How Much Do Limestone Floors Cost?
Natural limestone is beautiful and can give any home a soft and elegant look. The muted tones of limestone add a clean, comfortable feel to any space in the home. It is a soft stone formed by settled sedimentary rocks that pressurize at the bottom of the ocean, and is a very porous material. Limestone has the added benefit of forming striations, which cause it to look similar to wood. It can be found at many home improvement stores, online and is sold by natural stone suppliers and distributors across the country. See the costs that go into limestone below.
Minimum cost of base material: $400
Maximum cost of base material: $1,300
Although limestone is available in a wide range of sizes, it is most commonly found in tiles sized from 12x12 inches to 18x18 inches.
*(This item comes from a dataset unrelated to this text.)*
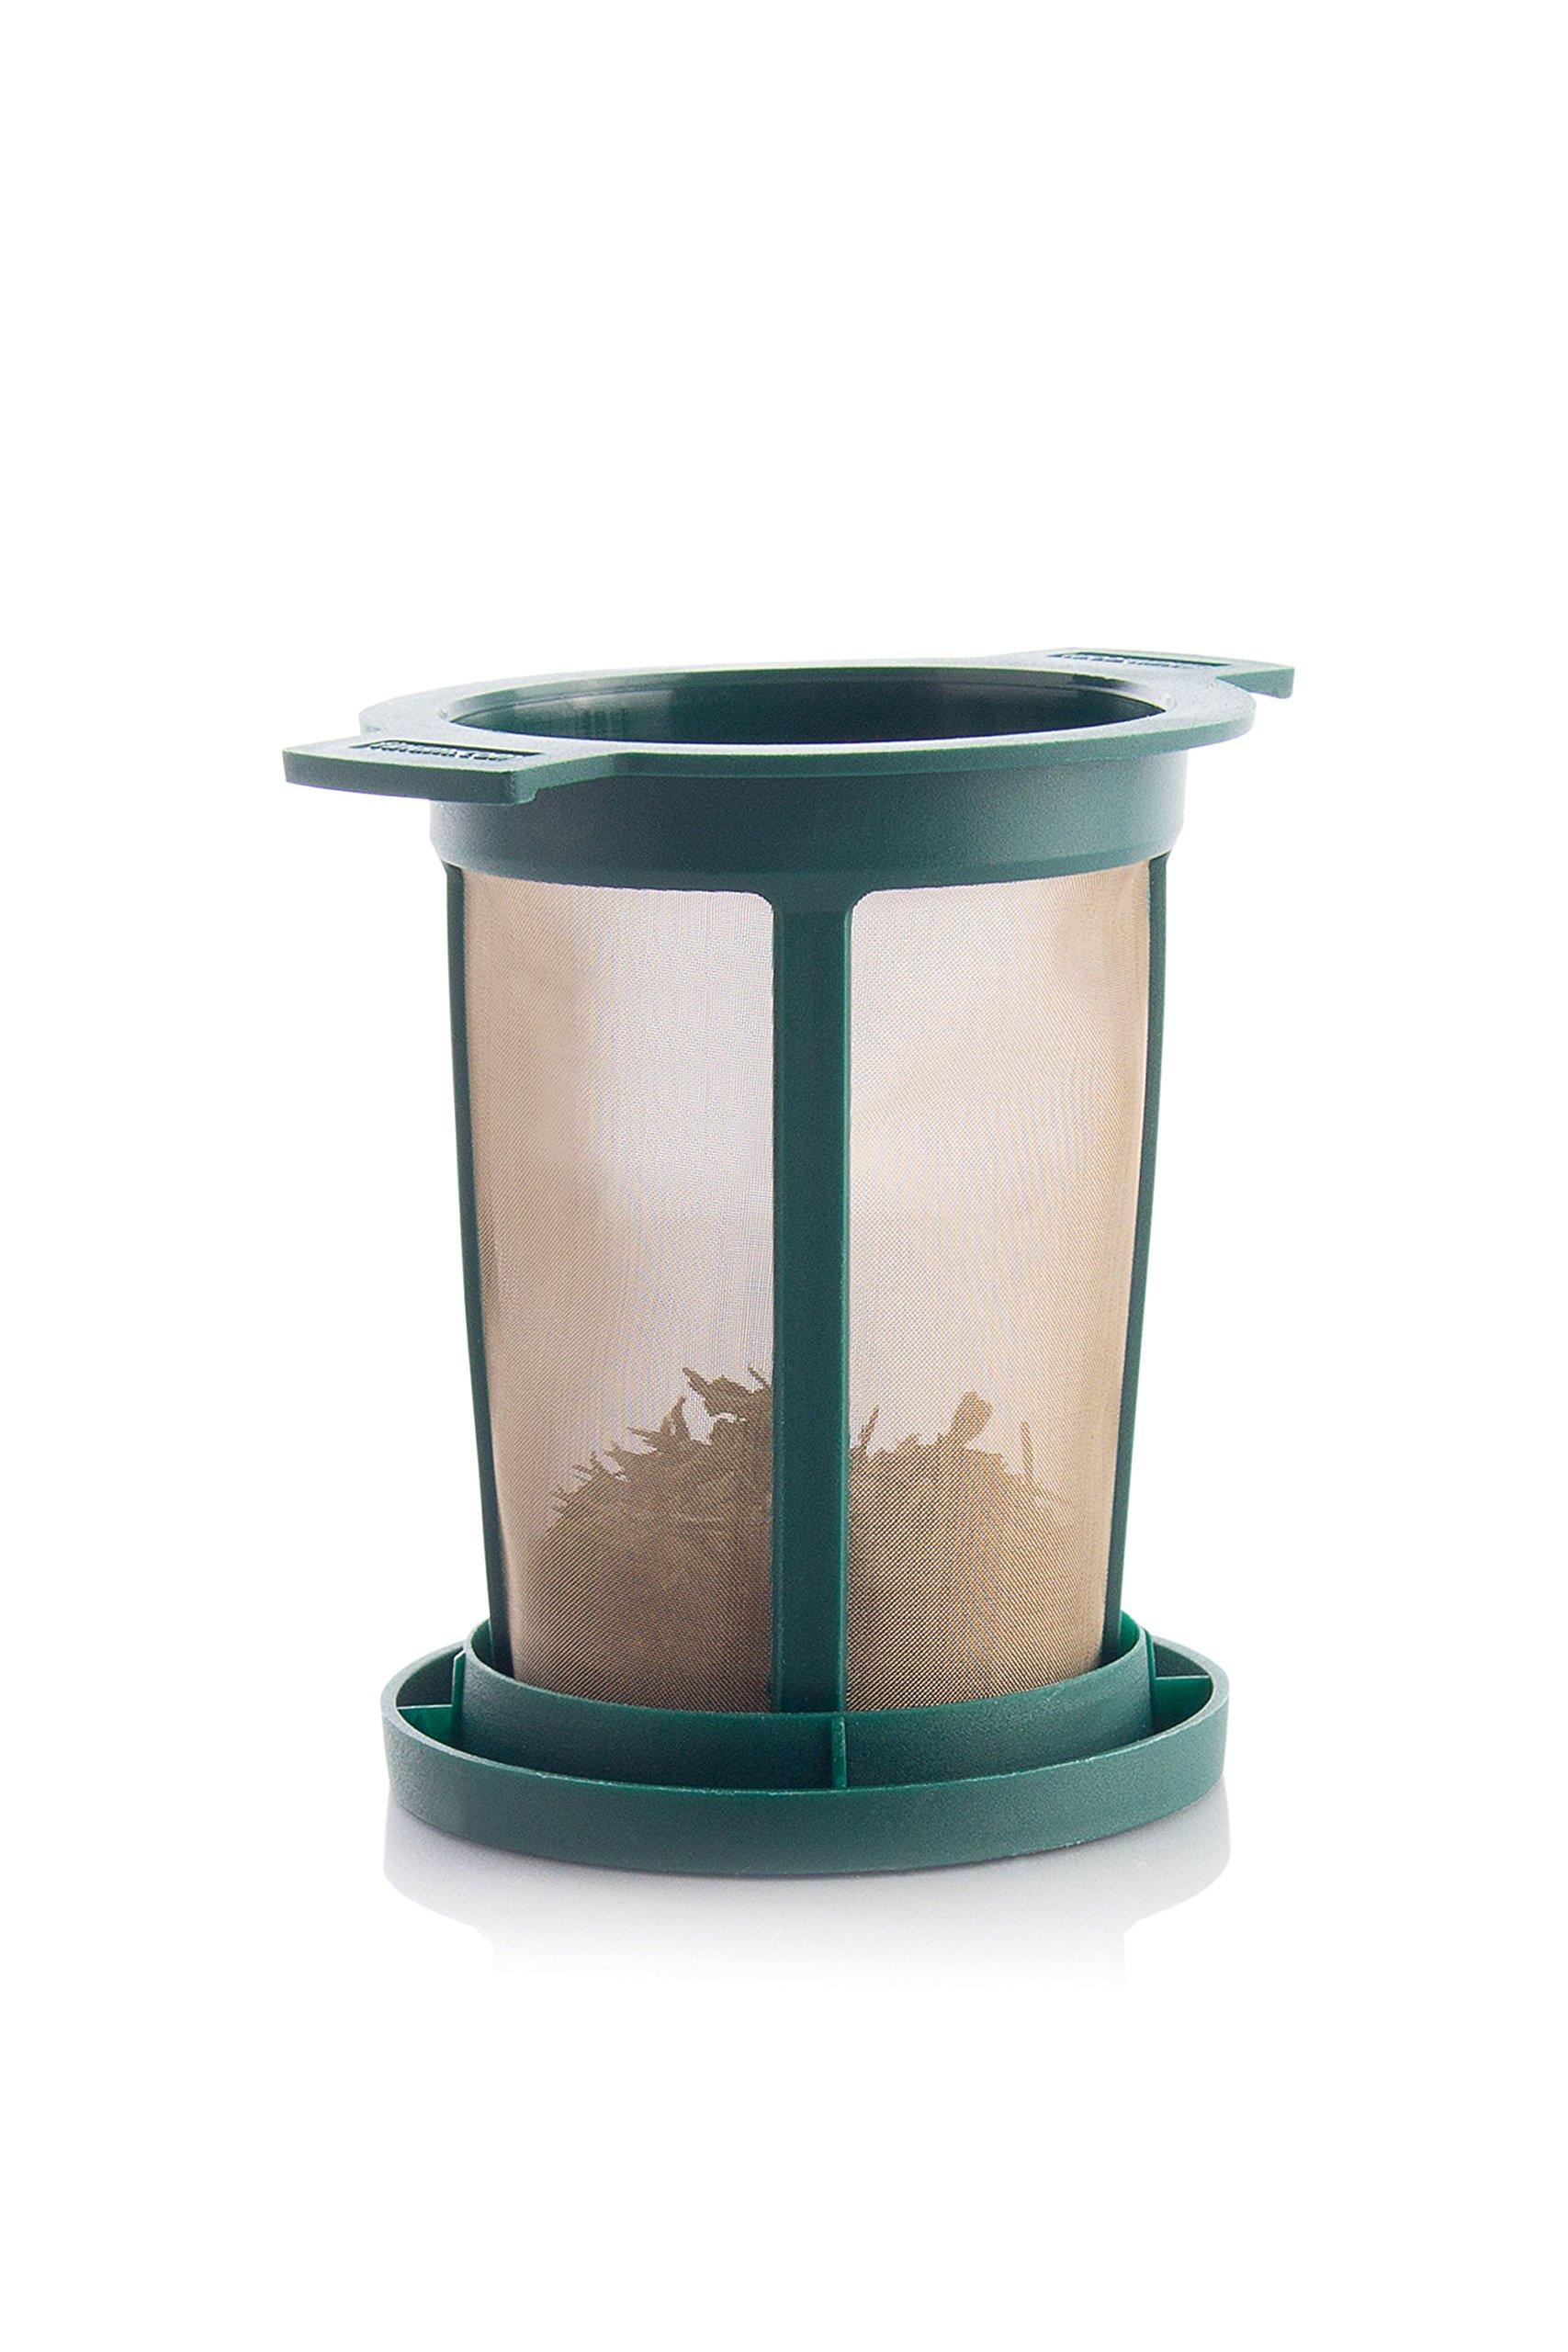 Brewing Basket L - Permanent Tea Filter, green (18 retail units per Case)

However large slabs and small mosaics can also be used when installing limestone flooring. The average price for limestone tiles ranges anywhere from $2-$11 per square foot. The price can vary based on the thickness, color or finish of the tiles, as well as the quality of the stone. Less expensive tiles are sanded and more porous, while the higher priced type of limestone tile will have a more textured finish.
Price for flooring also depends on whether the installation is being done professionally or in a DIY manner. Professional installation raises average costs per square foot to anywhere from $6 to $17 per square foot. If the project is a DIY installation, other costs will need to be factored in, such as grout, sealant and sawing supplies. Limestone is extremely heavy and is most usually installed professionally, because of its difficult installation.
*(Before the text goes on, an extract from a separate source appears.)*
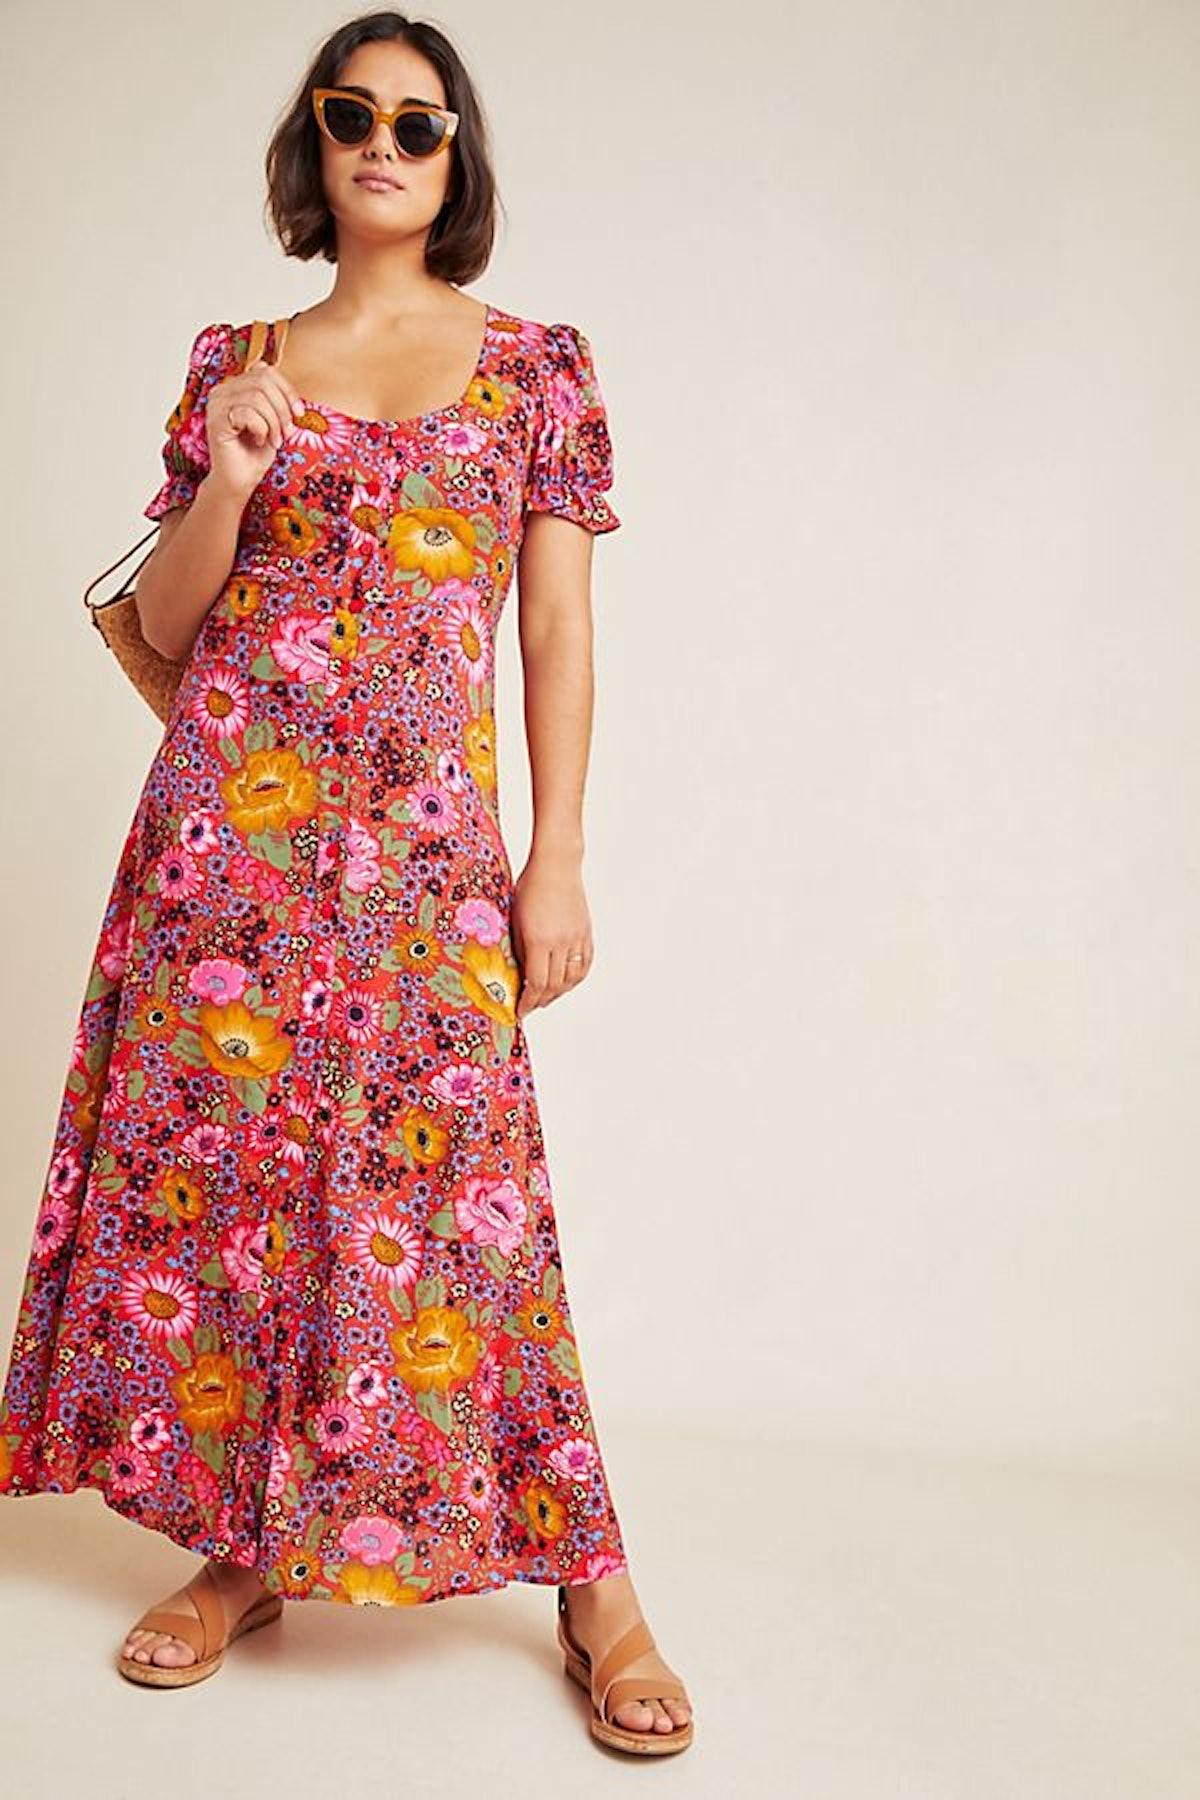 Laurel Canyon Button-Front Dress

Prices also change according to the type of tile. For instance, accent and mosaic tiles tend to be more expensive, going up to almost $28 or more per square foot.
Limestone floors are actually less expensive than many other types of natural stone flooring. While porcelain and ceramic may be an inexpensive option when considering floors, limestone is by far the less expensive option compared to marble or granite floors.
The majority of limestone is composed of calcium carbonate and it is primarily used for bathrooms and living spaces. The natural earth tones of limestone coordinate with almost any living area and home.
It's important to remember that limestone flooring is higher maintenance than other floors, however if the time and commitment is spent on care of the floors, they will last for many years and will maintain their beautiful appearance. If the floors are kept sealed on a fairly consistent basis, the color and polish will last for a long time.
It is recommended to use light and specially made cleaners for limestone floors to avoid any bleaching or spotting that can happen with heavy duty cleaning agents and chemicals.
Limestone flooring can be a challenge and needs to be laid out accurately on a surface that has been already prepared. It is important to carefully lay the tiles to prevent any chipping ore cracking that can happen when the tiles are not supported properly, or are laid unevenly. The sub-floor will need to be strong enough to support the stone's weight. It is not recommended to be used in high traffic areas, since the stone is of a softer substance and can chip and crack more easily.
Below are the materials needed for installation:
Sealant - A few coats will need to be added and will need to be repeated every few years. The sealant is a crucial factor in maintaining the limestone floor, protecting it from stains and damage from sand and grit.
Thinset - An adhesive mortar used
Grout - Used to seal the edges of the tiles
Wet Saw - Needed to cut the tile to shape
Chalk - For measuring floor area
If the limestone floor is being self-installed, the general rule of thumb is to measure and then lay the stone first on the measured area. Mix tiles together and be creative with the stone, as no piece will be exactly the same. Some tiles will have aesthetically pleasing marks or fossils within them, or colors. Base the layout on which tiles are most pleasant to look at and space those within the line of sight.
The limestone is then cut to size with a wet saw, and fit into the proper spaces, dried and then sealed before grouting.
It is suggested to use limestone in areas such as hallways, kitchens, baths and living areas.
Limestone flooring is less expensive than other types of stone flooring and gives off a beautiful and rustic look. It is fairly durable compared to linoleum or other types of plastic flooring and great for warm climates since the stone stays cool to the touch. It also adds a beautiful an earthy setting to any home, is eco-friendly and soft and feels easier on the feet. There are many different patterns and colors, and it’s very resilient.
Due to its porous nature, limestone flooring needs to be sealed periodically, and high traffic areas could stain and chip the limestone. The stone is softer compared to other stone and concrete flooring, so porcelain tiles can be made to mimic limestone's look and are more durable and stain resistant. Most stone floors, limestone included, can be slippery when wet. It absorbs water so this should be taken into consideration if being installed outdoors like with an outdoor kitchen.